True, since January 1997, the average price paid for a Royal
Tunbridge Wells flat/apartment has risen from £49,419 to today’s current
average of £279,275 in the town, an impressive rise of 465% and terraced/town
house have risen in the same time frame, from £74,694 to £369,101, also a great
rise of 394%. However, look back to 2005, and in that year, the average flat
was selling for £177,519, meaning our Royal Tunbridge Wells landlord would have
seen a modest rise of 57% and the terraced owner would have seen an increase of
97%, as they were selling for on average £187,313 ... not bad ... until you
consider inflation.
Since 2005, then inflation, i.e. the cost of living, has
increased by 33.4%. That means to retain its value, a Royal Tunbridge Wells
terraced property bought for £187,313 in 2005 needs to be worth £249,817 today.

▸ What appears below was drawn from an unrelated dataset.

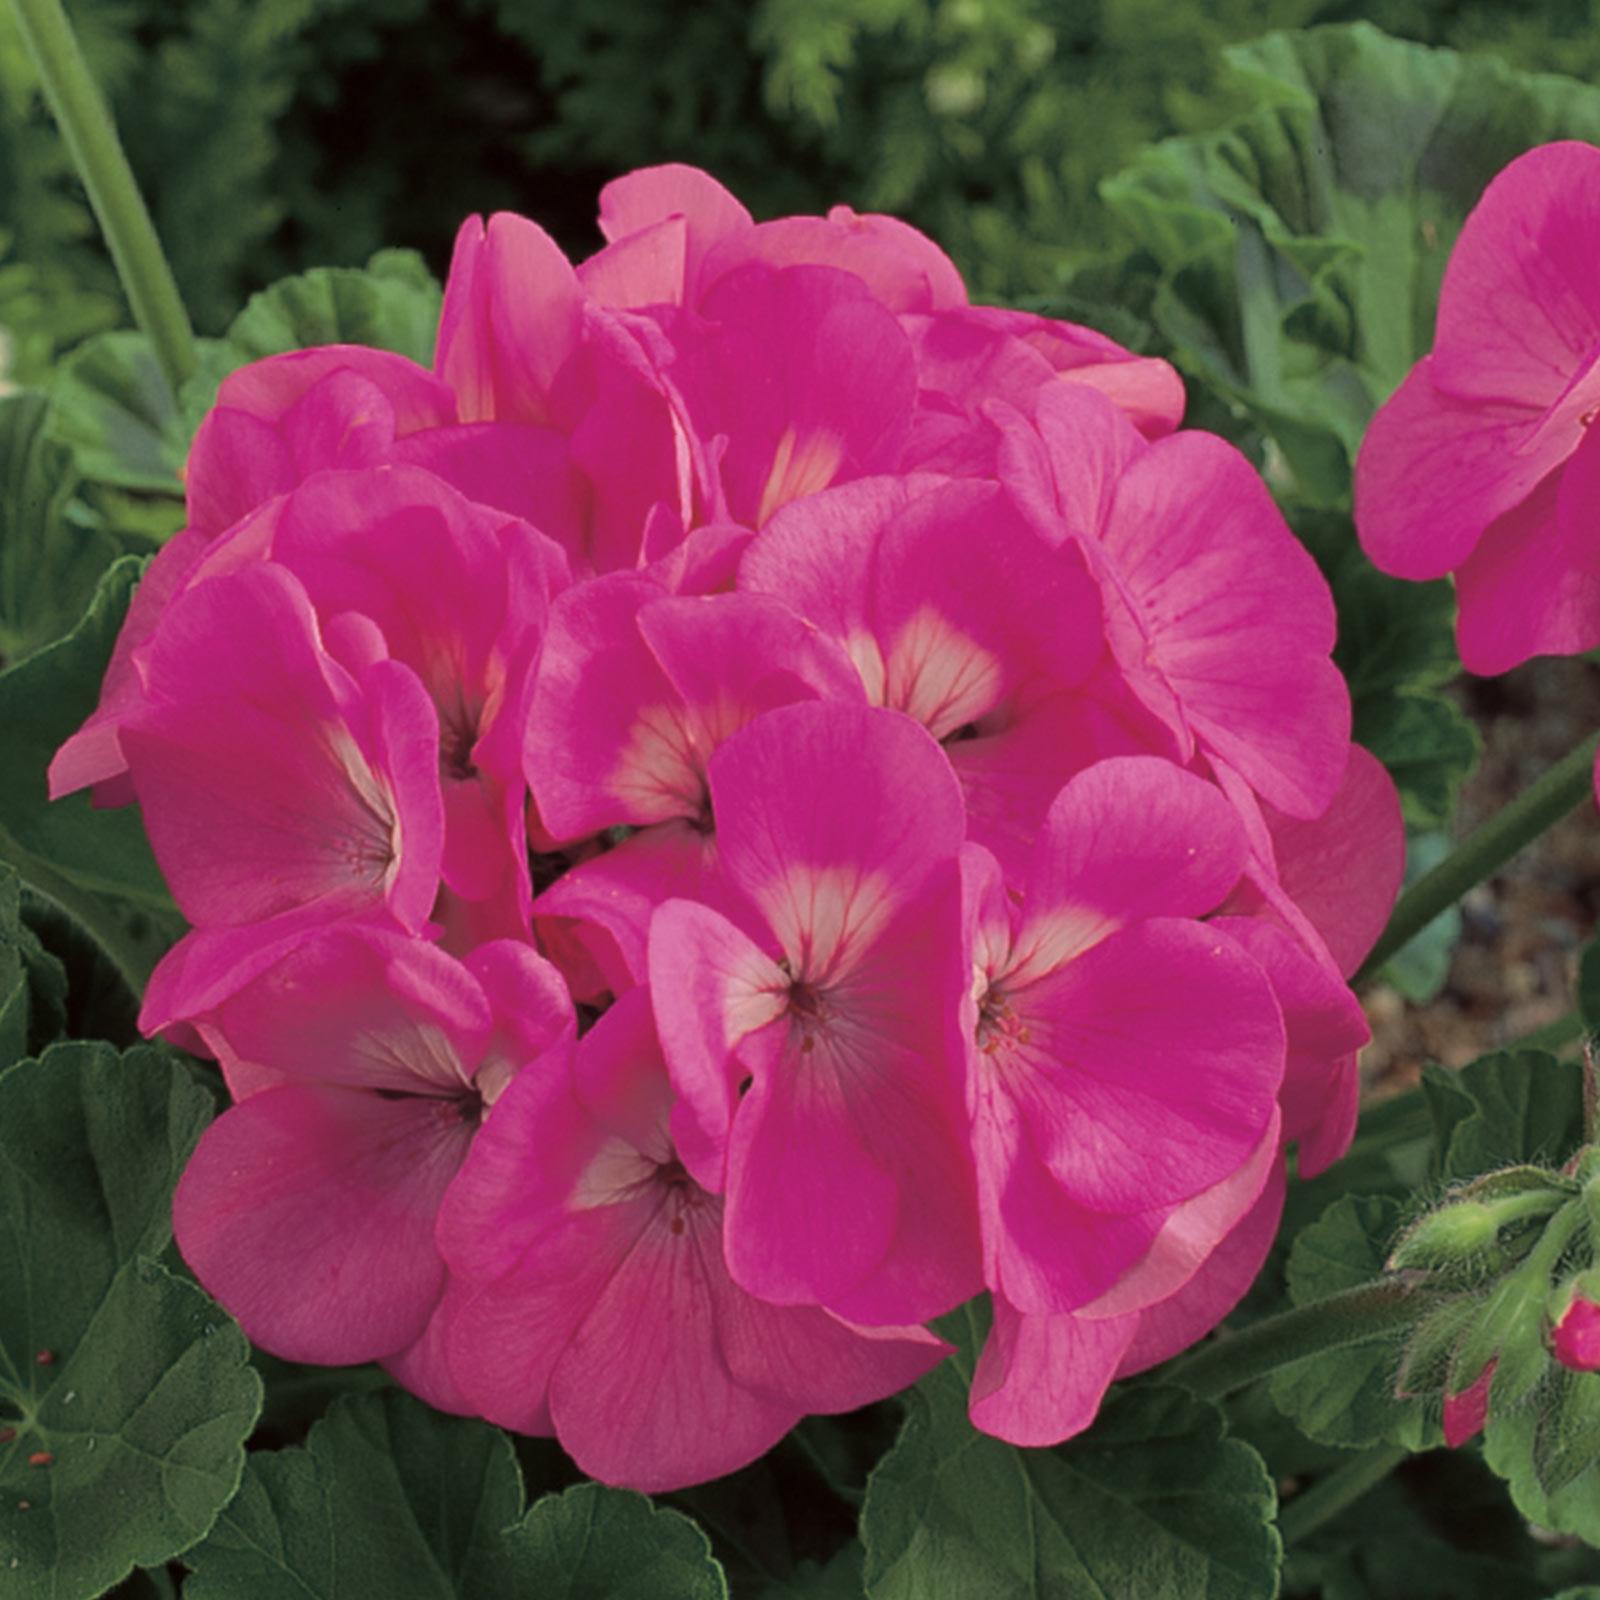 Maverick F1 Series Geranium Flower Garden Seeds - Appleblossom - 100 Seeds - Annual Flower Gardening Seed - Pelargonium x hortorum
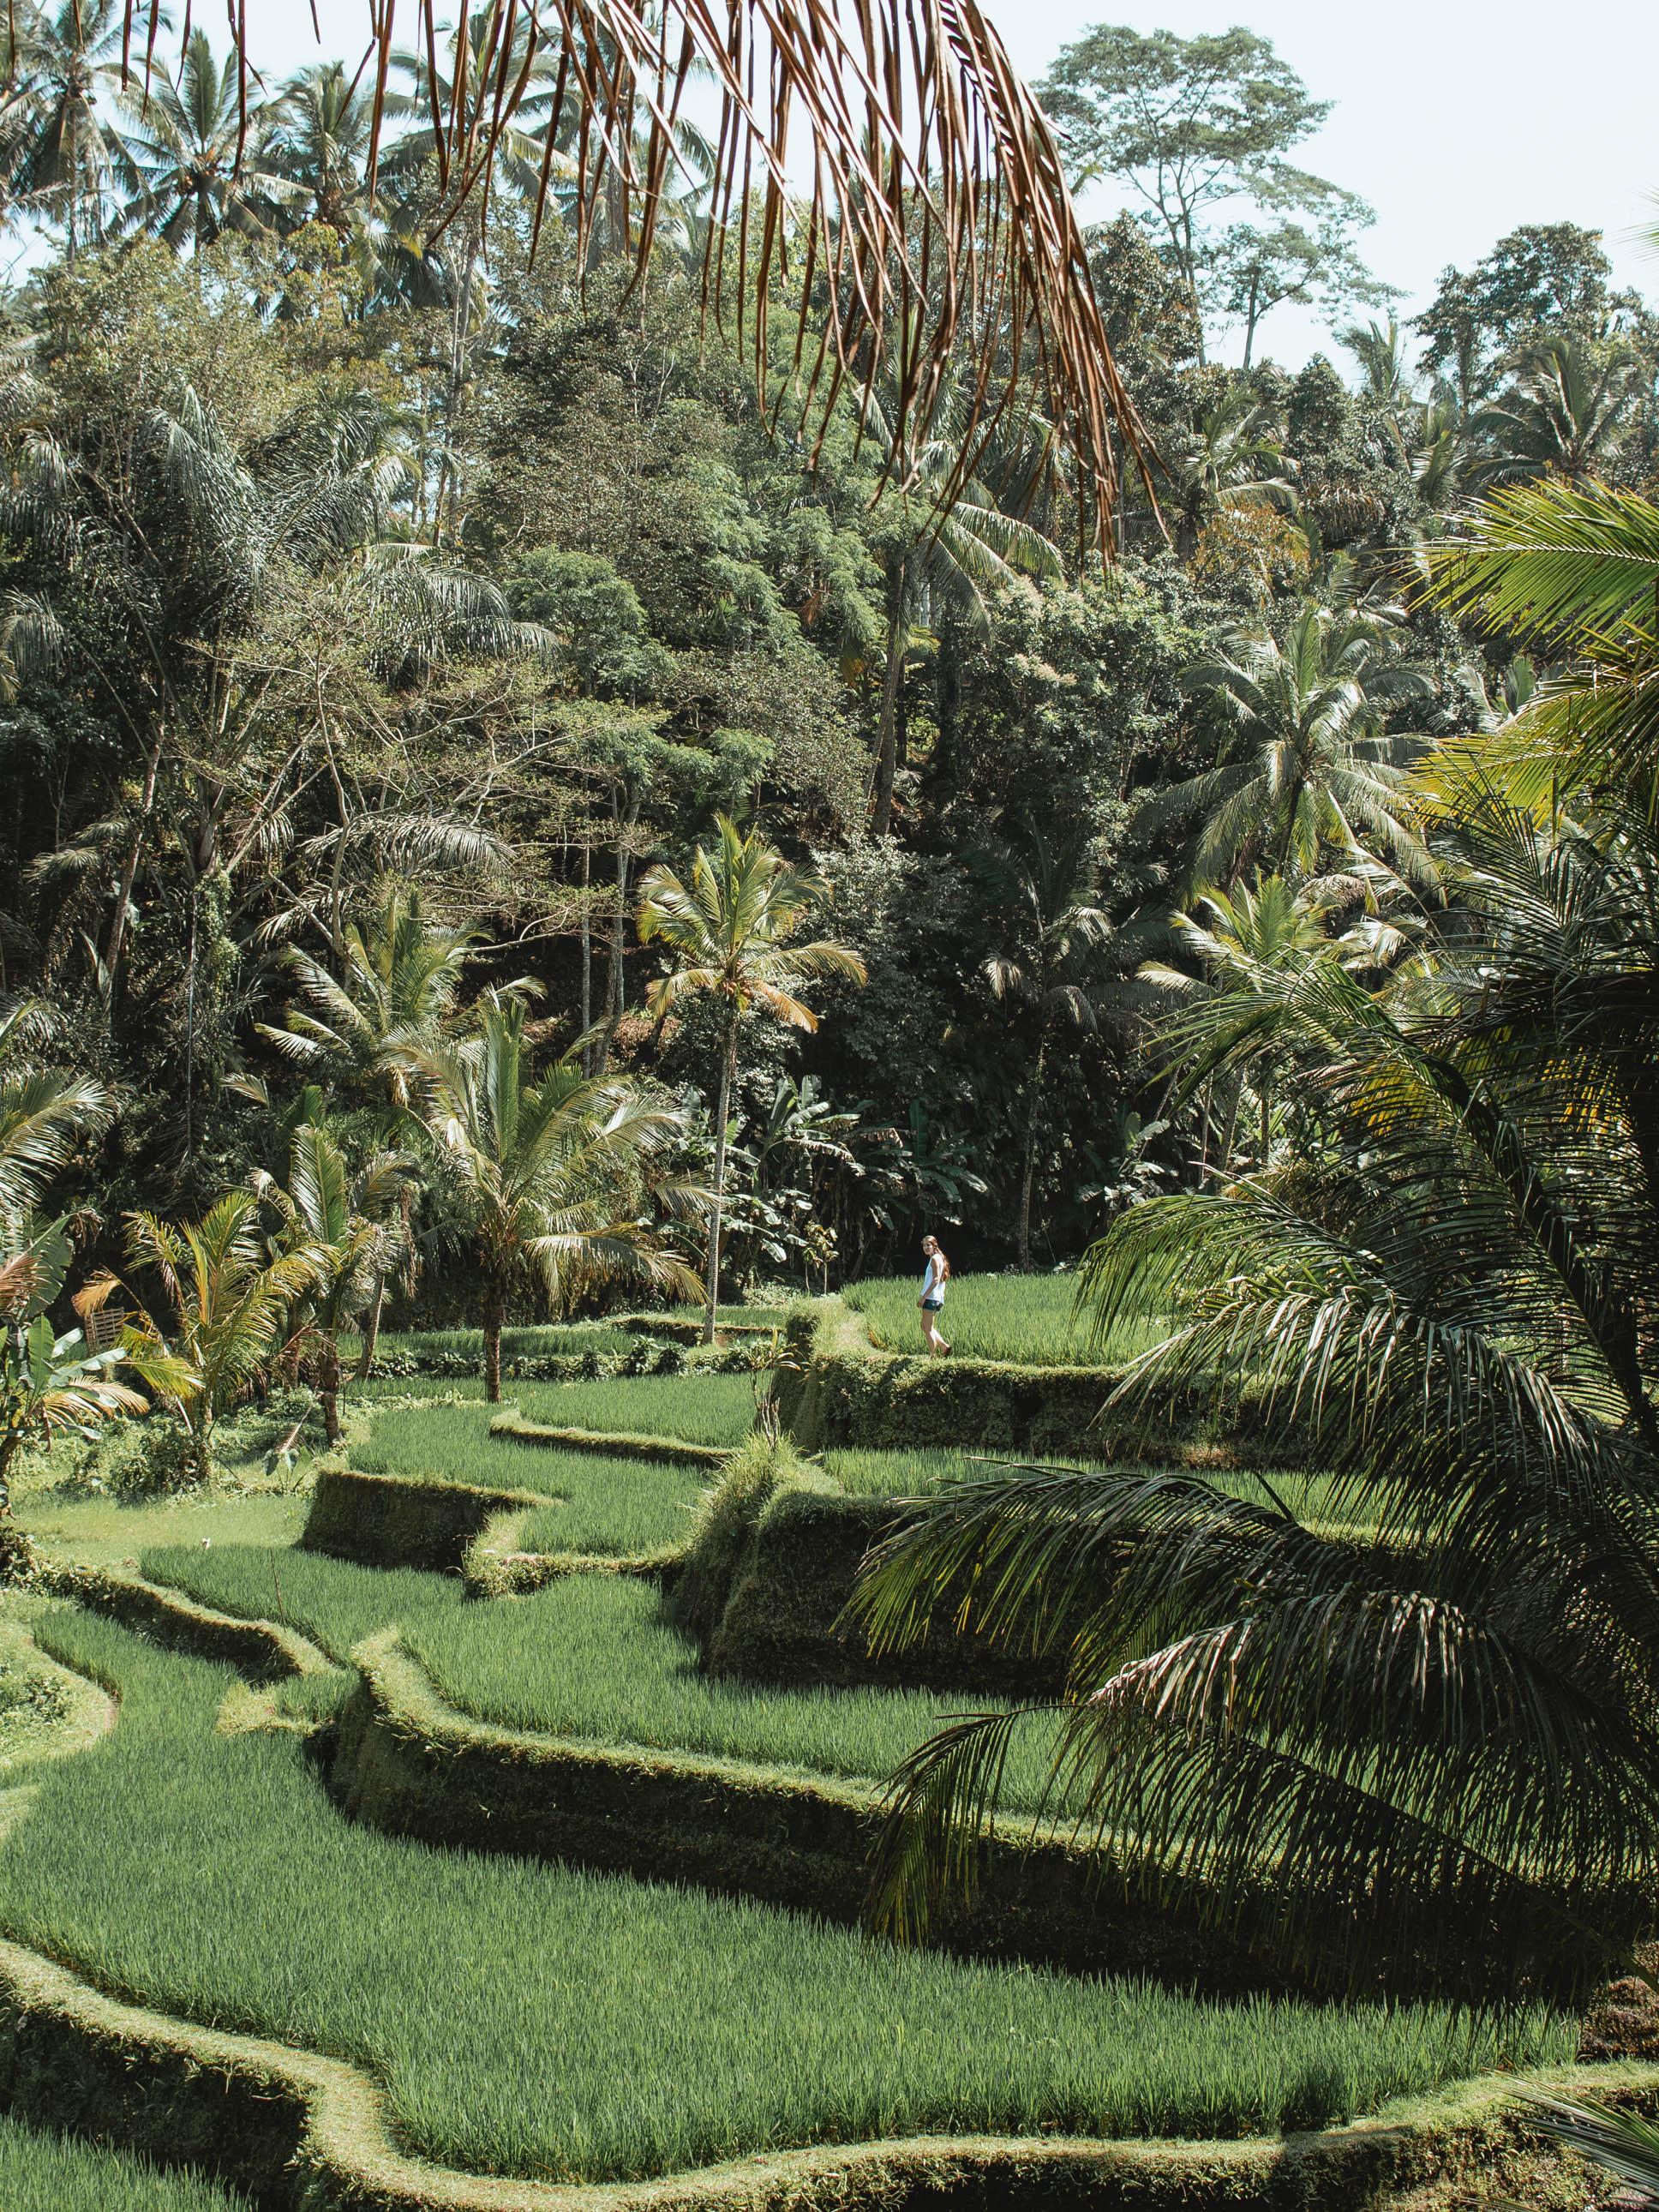 Tegalalang Rice Terraces in Ubud, Bali

Therefore, our landlord has seen the ‘real’ value of his property increase by 63.6%
(i.e. 97% less 33.4% inflation).
The reality is, since around the early 2000’s we haven’t seen
anything like the capital growth in property we have seen in the past and it’s
not predicted to grow at the rates it has previously done either. So it is high
time anyone considering investing in property stopped believing the hype and
did some serious research using independent investment expertise. You can still
make money by buying the right Royal Tunbridge Wells property at the right
price and finding the right tenant. Think about it, properties in real terms
are 63.6% higher than ten years ago, so investing in Royal Tunbridge Wells
property is not only about capital growth, but also about the yield (the return
from the rent). It’s also about having a balanced property portfolio that will
match what you want from your investment – and what is a ‘balanced property
portfolio’? Well we discuss such matters on the Royal Tunbridge Wells Property
Blog ... if you haven’t been, then it might be worth a few minutes of your
time?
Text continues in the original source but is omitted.